For Alaska commercial fishermen, the catch limit for 2022 totals 21.51m pounds compared to 19.6m pounds in 2021.

2022 Halibut Catch Limits Rise 5.7 Percent Due to Incoming 2012 Year Class

 

January 31, 2022

The International Pacific Halibut Commission (IPHC) announced slightly increased catch limits for 2022 in Alaska and British Columbia along with season dates of Sunday March 6 through Wednesday, December 6, 2022.

IPHC’s annual meeting also set the catch limit in Washington, Oregon, and California at the same level it has in the past four years — 1.65 million pounds.

The slight increase from 39 million pounds coastwide last year to 41.22 mlb. this year was due in large part to the emergence of young halibut that began reaching harvestable size of 32 inches only in recent years. Those young fish hatched in 2012 and are estimated now to be a significant contributor to the spawning biomass.

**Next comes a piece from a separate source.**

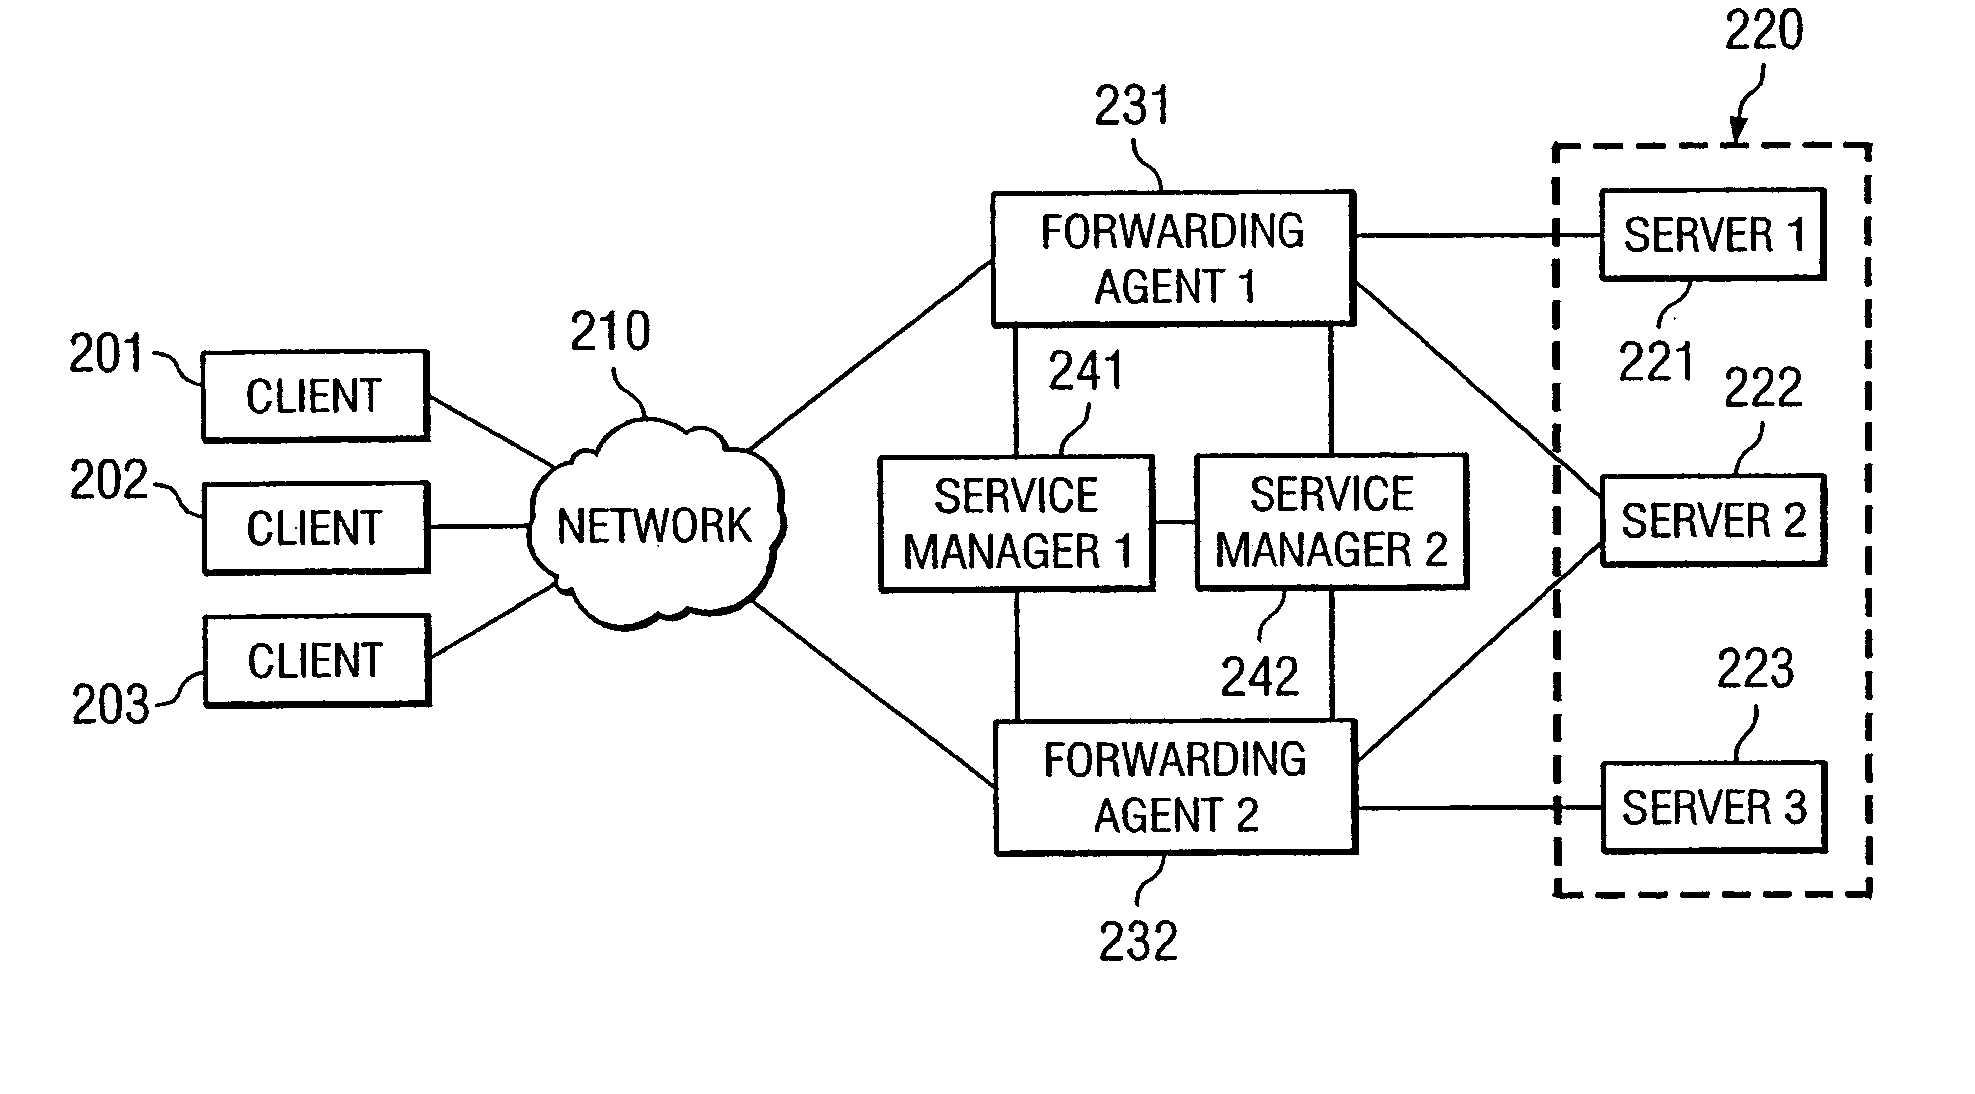 Network address translation using a forwarding agent

The IPHC process to set catch limits is a coordinated effort by fishermen, who are members of the Conference Board (CB), and processors who participate in the Processor Advisory Board (PAB). Both groups take the scientific reference points from the IPHC staff, apply their perspectives, and provide recommendations to the six member Commission — three from the U.S. and three from Canada.

This year, the outcome differed slightly from other years in how far apart the Commissioners were from the IPHC’s references points, and from the advisory bodies, in two areas in particular: western Gulf of Alaska and Southeast Alaska.

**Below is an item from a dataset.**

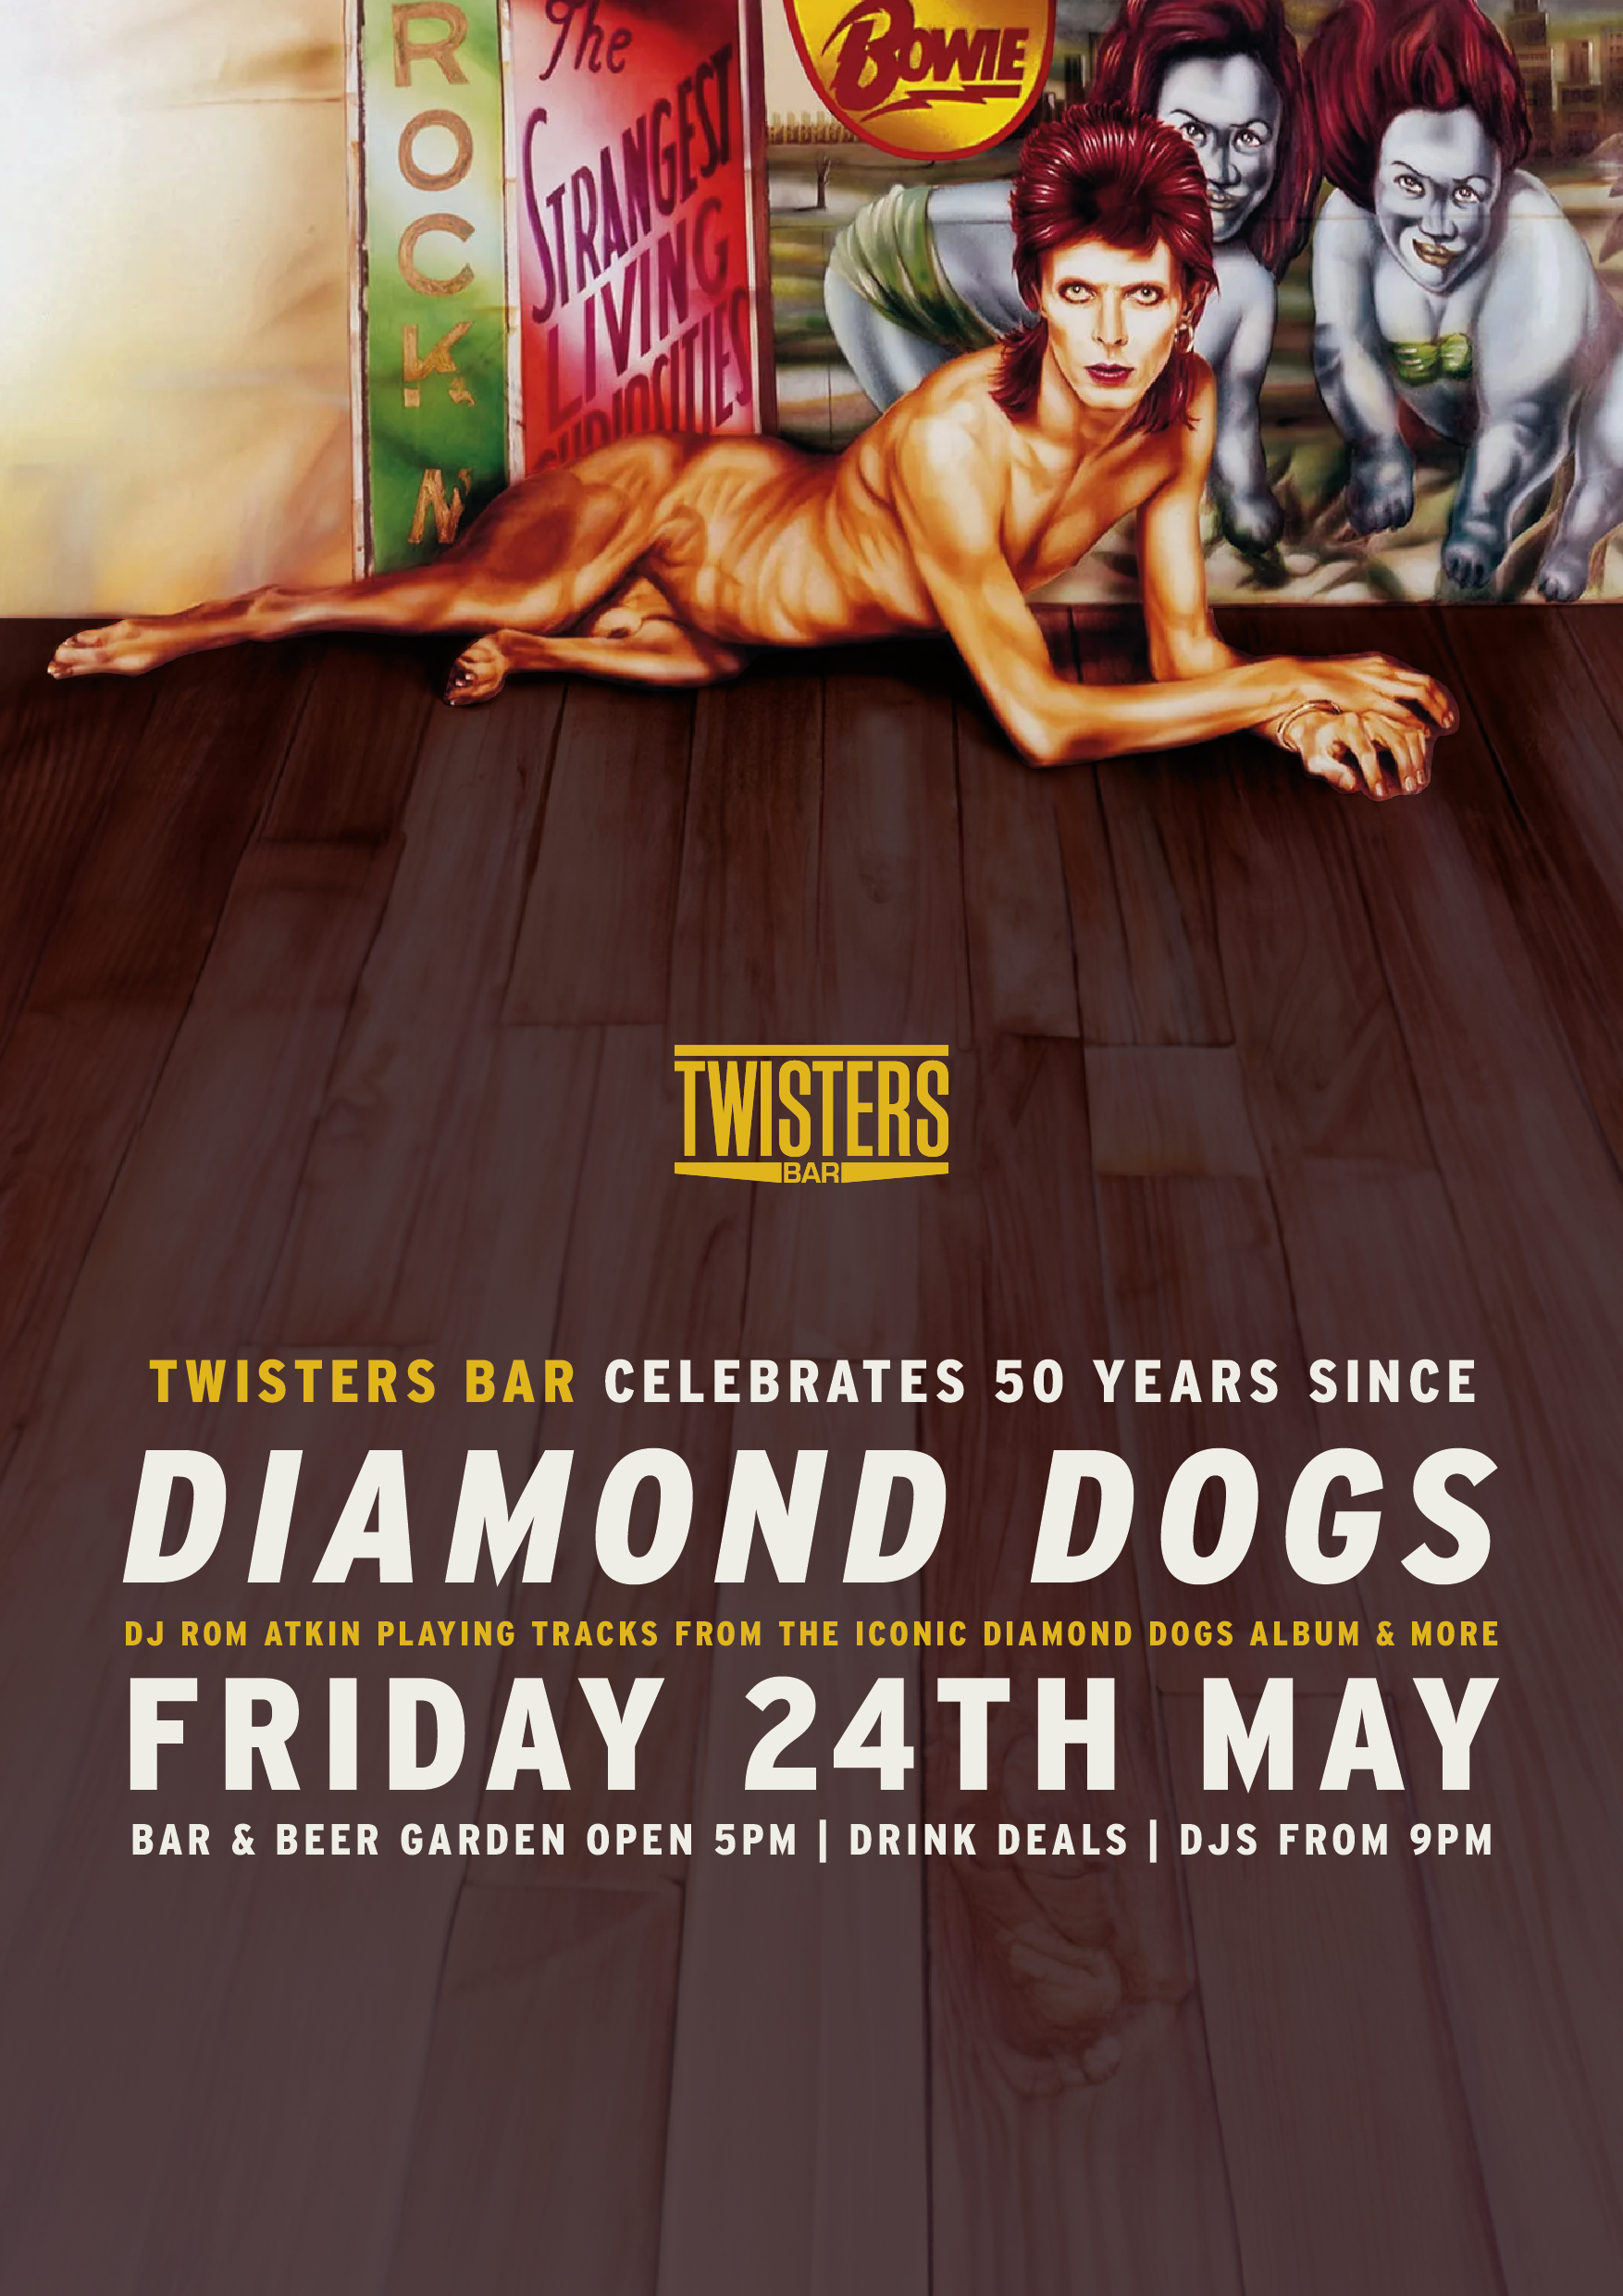 Twisters celebrates 50 years since Diamond Dogs

The final adopted limits for each regulatory area are as follows (all numbers are in million pounds):

Area 2A (WA, OR, CA) — 1.65

Area 2B (B.C.) — 7.56

Area 2C (Southeast Alaska) — 5.91

Area 3A (Central Gulf of Alaska) — 14.55

Area 3B (Western GOA) — 3.90

Area 4A (Aleutians Islands: SE Bering Sea and North Pacific) — 2.10

Area 4B (Western Aleutians: BS and NoPac) — 1.45

Area 4CDE (rest of Bering Sea) — 4.10

The total of 41.22 mlbs was agreed to by the advisory bodies and the Commissioners as the best, most scientifically defensible level for 2022. It was only in individual Regulatory Areas that the catch limit differed from the scientific advice.

IPHC’s reference point for removals in Area 2C, based on the survey and modeled stock assessment, was 4.75 mlbs — 24.4% lower than the final adopted amount of 5.91 mlbs. In Area 3B, the western Gulf of Alaska, the adopted limit of 3.9 mlbs was 34.3% lower than the 5.94 mlbs reference point from IPHC.

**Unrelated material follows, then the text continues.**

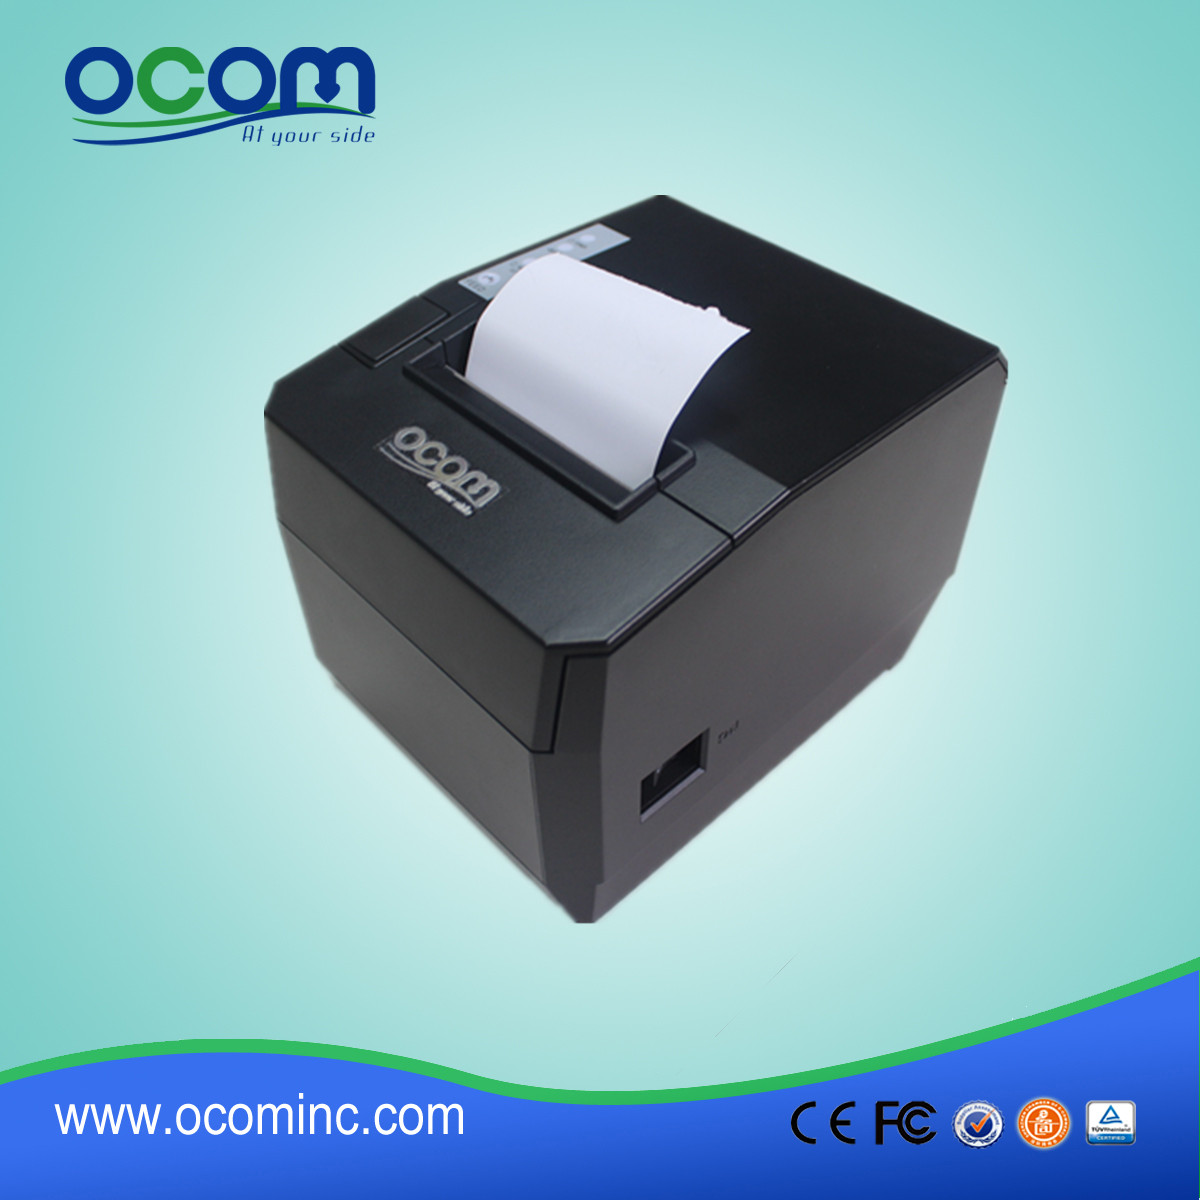 80mm Bluetooth thermische printer OCPP-88A

Both advisory groups offered recommendations to the commissioners for addressing allocation next year, when a four-year interim management agreement between the two countries expires. That agreement acknowledged a divide between the two countries on how to distribute catch that goes back decades, when IPHC used an area-by-area stock assessment prior to a coastwide assessment, which has been in use for more than a decade now.

The disagreement was exacerbated in recent years by Bering Sea bycatch of undersized halibut that would impact future migrations (and potential catches) to B.C.  With last month’s decision of the North Pacific Fishery Management Council to lower bycatch caps in one trawl sector in the Bering Sea, both countries are preparing for a new — and hopefully more permanent — way to determine country allocations.